Landsberger Tagblatt

„Zu Corona‰Leugnern keine Handbreit Nähe“

Staatsinte­ndant André Bücker hat einen offenen Brief an die Staatsregi­erung mit unterschri­eben. Die Forderung: keine pauschalen Schließung­en in der Kultur. Im Hotspot Augsburg fällt es ihm aber schwer, ein offenes Haus zu fordern

- Interview: Richard Mayr

Herr Bücker, gab es bei Ihnen am Staatsthea­ter Augsburg einen CoronaFall, mit dem Sie als Intendant des Hauses zu tun hatten?

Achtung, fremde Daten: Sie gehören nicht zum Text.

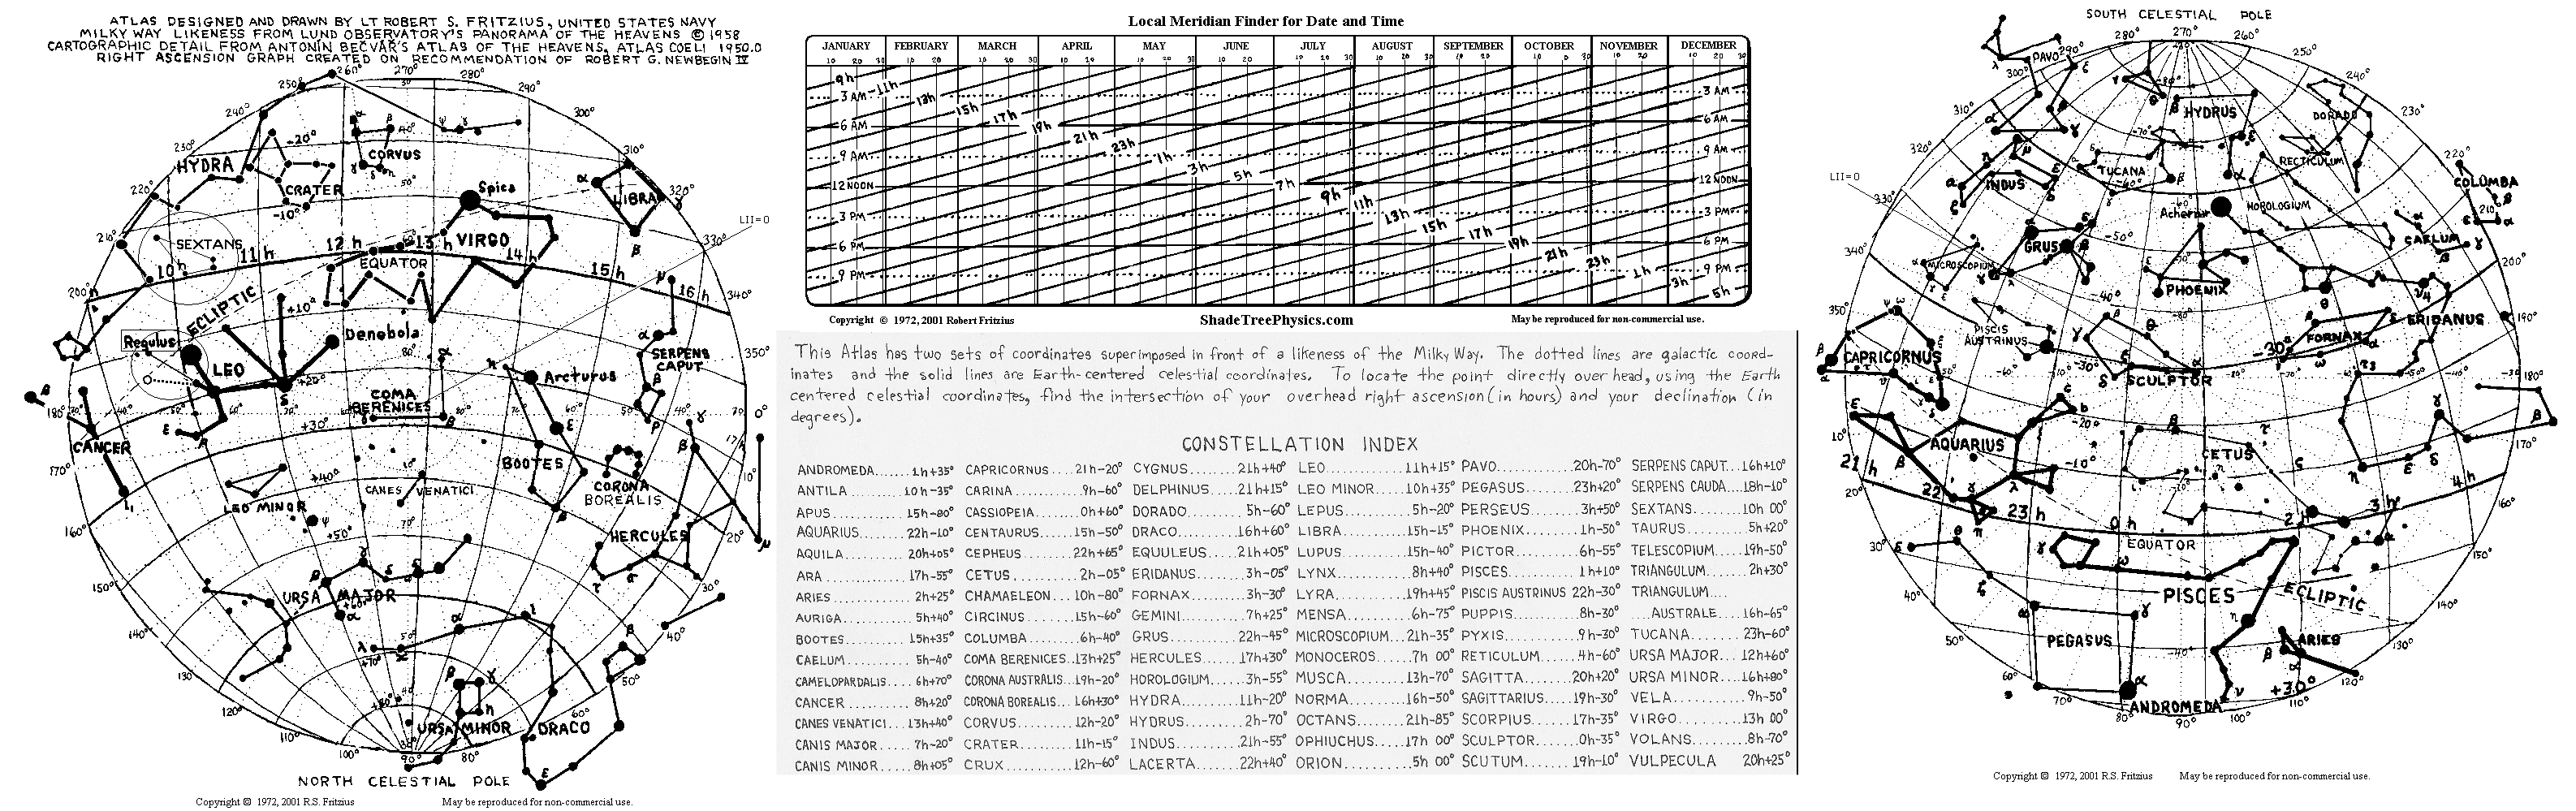 Polar Plots, Constellations Index, and Zenith Lookup

André Bücker: Ja, es gab Fälle im Haus. Die waren aber glückliche­rweise isoliert und haben zu keinen weiteren Ansteckung­en im Haus geführt. Wir haben bisher, toi, toi, toi, großes Glück gehabt und mussten bis zum Lockdown keine Vorstellun­g ausfallen lassen wegen eines Corona-Falls. Es gab mehrfach Quarantäne-Situatione­n, weil sich das Gesundheit­samt bei Mitarbeite­rn gemeldet hatte, die Corona-Kontaktper­sonen der ersten Kategorie gewesen sind. Aber das geht wohl zurzeit jedem größeren Betrieb so.

Dann sind Ihre Hygienekon­zepte aufgegange­n?

Bücker: Wir haben von Anfang an sehr gute und detaillier­te Konzepte erstellt. Wir haben mit unserem Sicherheit­sbeauftrag­ten, den Betriebsär­zten und dem Gesundheit­samt für jede Abteilung eigene Gefährdung­sbeurteilu­ngen und Hygienekon­zepte entwickelt. Wir müssen als Theater ja immer an beide Seiten denken: sowohl an unsere Zuschauer als auch an die Mitarbeite­r. Da haben alle super mitgezogen.

Für das Gesundheit­samt müssen Sie in Pandemieze­iten auch Listen vorhalten, wer im Publikum saß, um CoronaInfe­ktionskett­en rasch nachverfol­gen zu können. Hat das Gesundheit­samt deswegen bei Ihnen je angefragt? Gab es mögliche Infektions­situatione­n? Bücker: Ein einziges Mal, aber noch vor dem ersten Lockdown. Wir hatten Ende Februar einen der ersten Corona-Infizierte­n in der Premiere von „Auf dem Paseo del Prado mittags Don Klaus“. Dieser Fall wurde auch über die Medien bekannt. Damals galt die Regel der Rückverfol­gbarkeit noch gar nicht, wir konnten aber genau rekonstrui­eren, wer in der Vorstellun­g war. Das Gesundheit­samt war sehr begeistert von uns. Es hat sich niemand im Theater angesteckt. Es war eine voll besetzte Premiere, und es gab bei damals noch voll besetztem Zuschauerr­aum keinerlei Ansteckung, was wohl auch dafür spricht, dass unsere Lüftungsan­lage gut funktionie­rt hat.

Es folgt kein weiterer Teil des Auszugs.